По залу как будто пронесся вздох. За исключением газетных молодцов, здесь все знали миссис Леттер, по крайней мере видели ее. Некоторые даже имели случай переброситься с ней двумя-тремя словами. Все знали и о том, что в стены ее комнаты и ванной были вделаны зеркала, что было сочтено «неприличным». Все они во время рассказа Полли представляли себе живо, как эта красивая миссис Леттер, наклонившись над ванной, разбивала в порошок таблетки морфия и к тому же еще «выглядела так, будто была очень довольна собой». Для людей с воображением картинка получалась довольно зловещая. Отсюда и тот общий вздох, который пронесся над залом. Полли села на свое место. Следующей вызвали мисс Мерсер.
В ее гардеробе не нашлось ничего черного, и поэтому вместо траура на ней было темно-синее платье, которое она обычно надевала летом, и синяя соломенная шляпа, которую поселяне видели на ней во время воскресной службы каждую неделю, начиная с апреля.
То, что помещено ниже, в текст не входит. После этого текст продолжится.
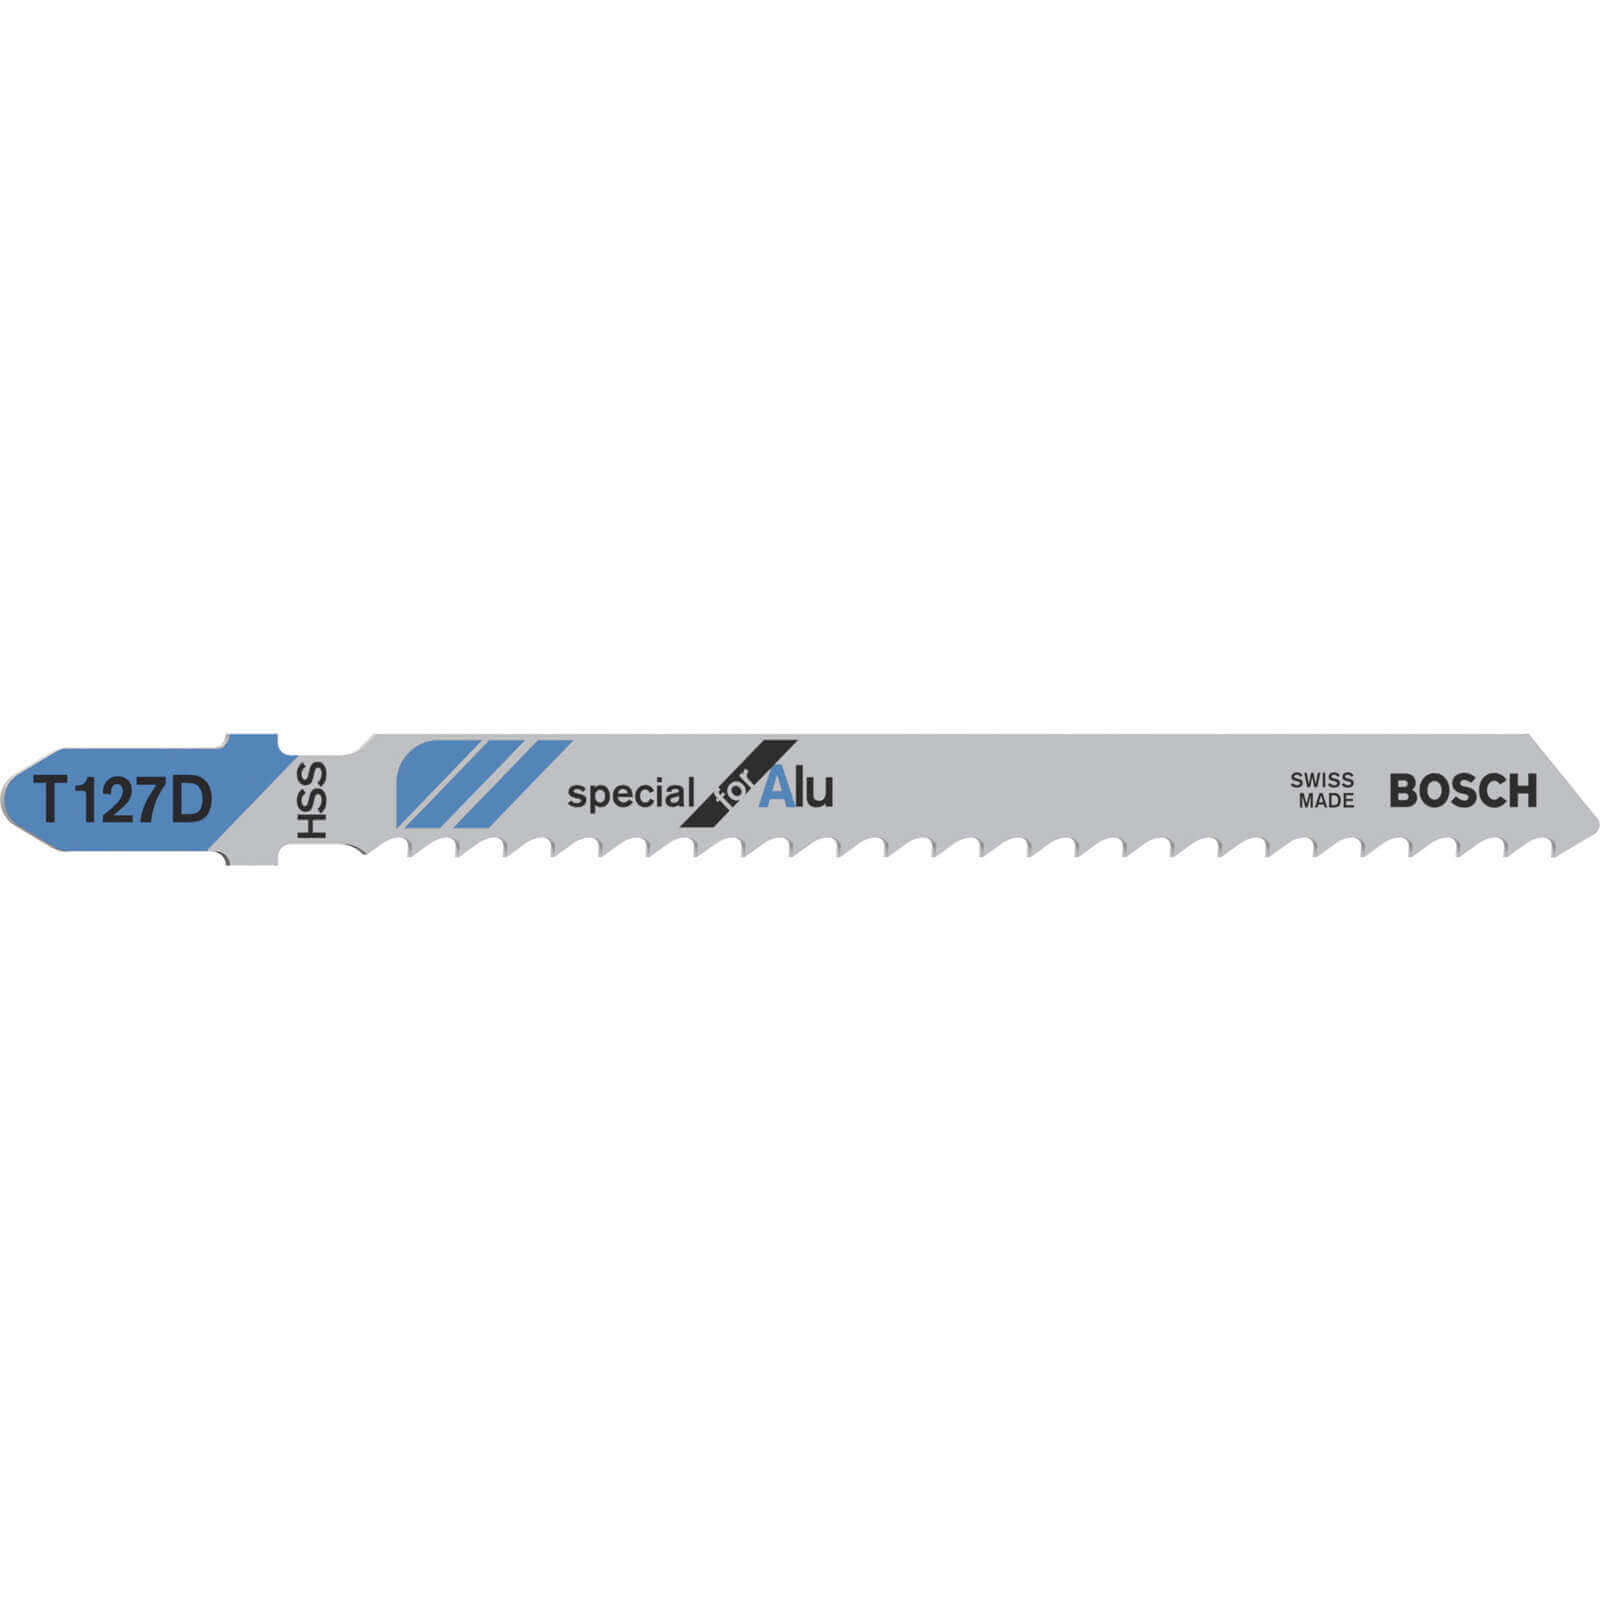 Image of Bosch T127 D Aluminium Cutting Jigsaw Blades Pack of 5

Лицо ее между полями шляпы и воротником платья казалось настолько бледным и осунувшимся, что следователь Саммерс взглянул на нее с нескрываемой тревогой. Он был старым приятелем ее отца, и когда-то давно, лет сорок тому назад, он помнил как девочка Минни сидела у него на коленях и лазила к нему в карман за мятными лепешечками. Он приступил к ее допросу так мягко, как только мог. Сначала о морфии.
– Он был еще из запасов вашего батюшки?
– Да.
– Где вы его хранили?
– В аптечке.
– Запирали ли вы ее?
– Да.
– Где хранили ключ?
– В ящике туалета.
Голос ее, как и лицо, был лишен всякой выразительности.
– Вы заметили, что пузырек с морфием был передвинут?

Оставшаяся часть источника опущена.